As he listened to it the boy seemed to recall many things which had slipped his memory for years, and to nerve himself for whatever might be going to happen.

What had happened was this.

The poor condemned woman had not been such a wicked woman after all. Perhaps her courage was not wholly disinterested, but she had done a very heroic thing. As soon as she heard of the death and burial of the King and of the changes that were taking place in the country, a daring idea came into her head--to set upon the throne of Nomansland its rightful heir. Thereupon she persuaded the deaf-mute to take her away with him, and they galloped like the wind from city to city, spreading everywhere the news that Prince Dolor's death and burial had been an invention concocted by his wicked uncle that he was alive and well, and the noblest young prince that ever was born.

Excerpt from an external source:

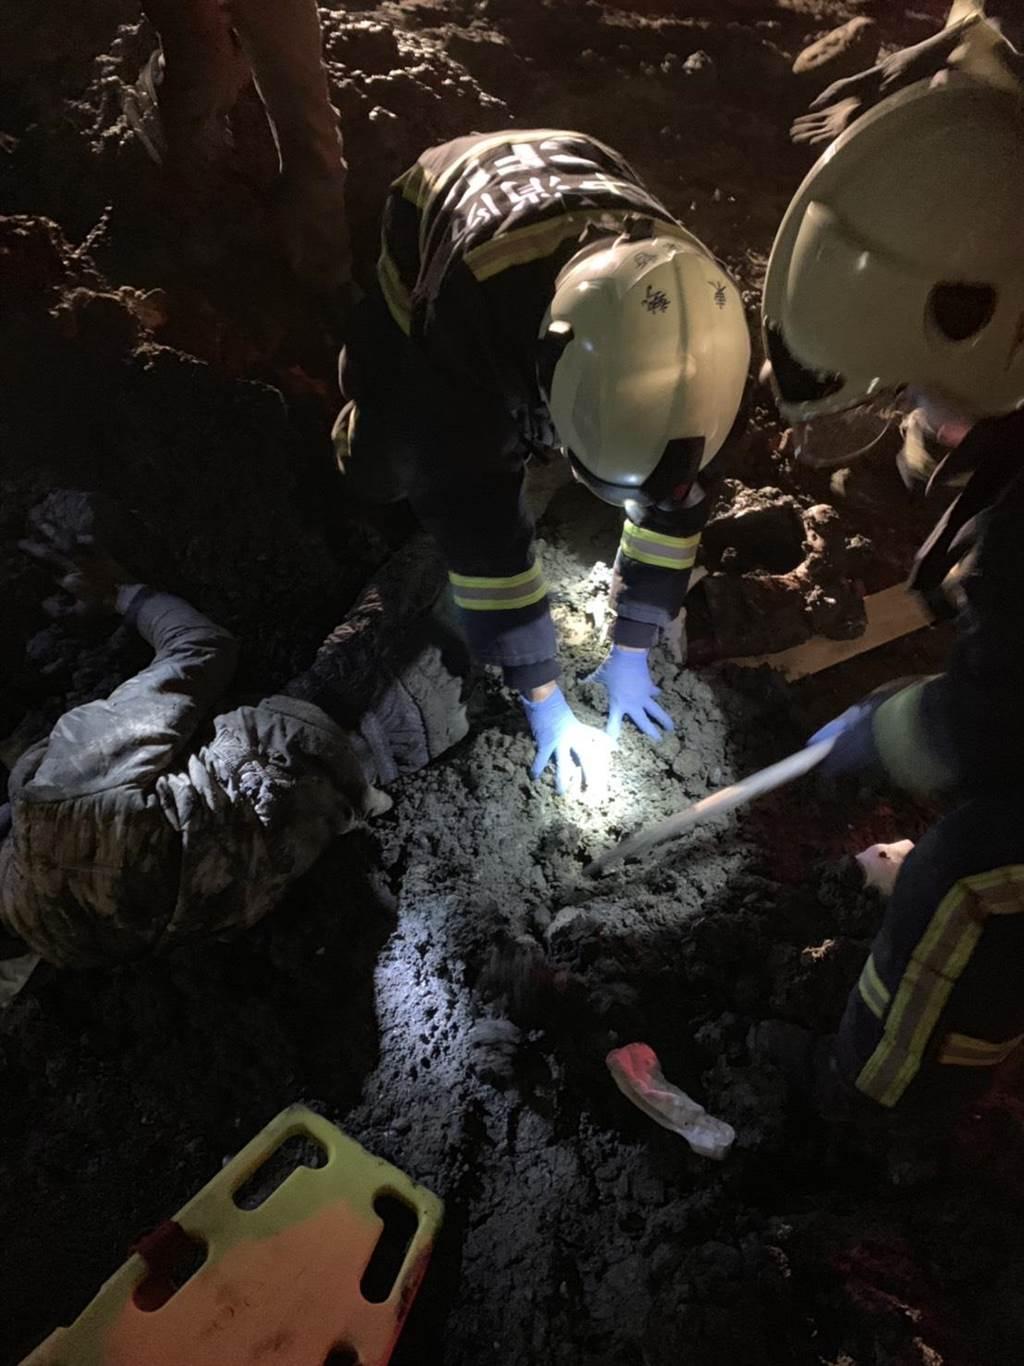 李男半夜闖入工地撿拾廢鐵,遭怪手鏟斗壓傷雙腿,下半身困在土堆爛泥中,消防員獲報到場搶救。(台中市消防局提供/王文吉台中傳真)

It was a bold stroke, but it succeeded. The country, weary perhaps of the late King's harsh rule, and yet glad to save itself from the horrors of the last few days, and the still further horrors of no rule at all, and having no particular interest in the other young princes, jumped at the idea of this Prince, who was the son of their late good King and the beloved Queen Dolorez.

"Hurrah for Prince Dolor! Let Prince Dolor be our sovereign!" rang from end to end of the kingdom. Everybody tried to remember what a dear baby he once was--how like his mother, who had been so sweet and kind, and his father, the finest-looking king that ever reigned. Nobody remembered his lameness--or, if they did, they passed it over as a matter of no consequence. They were determined to have him reign over them, boy as he was--perhaps just because he was a boy, since in that case the great nobles thought they should be able to do as they liked with the country.

Accordingly, with a fickleness not confined to the people of Nomansland, no sooner was the late King laid in his grave than they pronounced him to have been a usurper; turned all his family out of the palace, and left it empty for the reception of the new sovereign, whom they went to fetch with great rejoicing, a select body of lords, gentlemen, and soldiers traveling night and day in solemn procession through the country until they reached Hopeless Tower.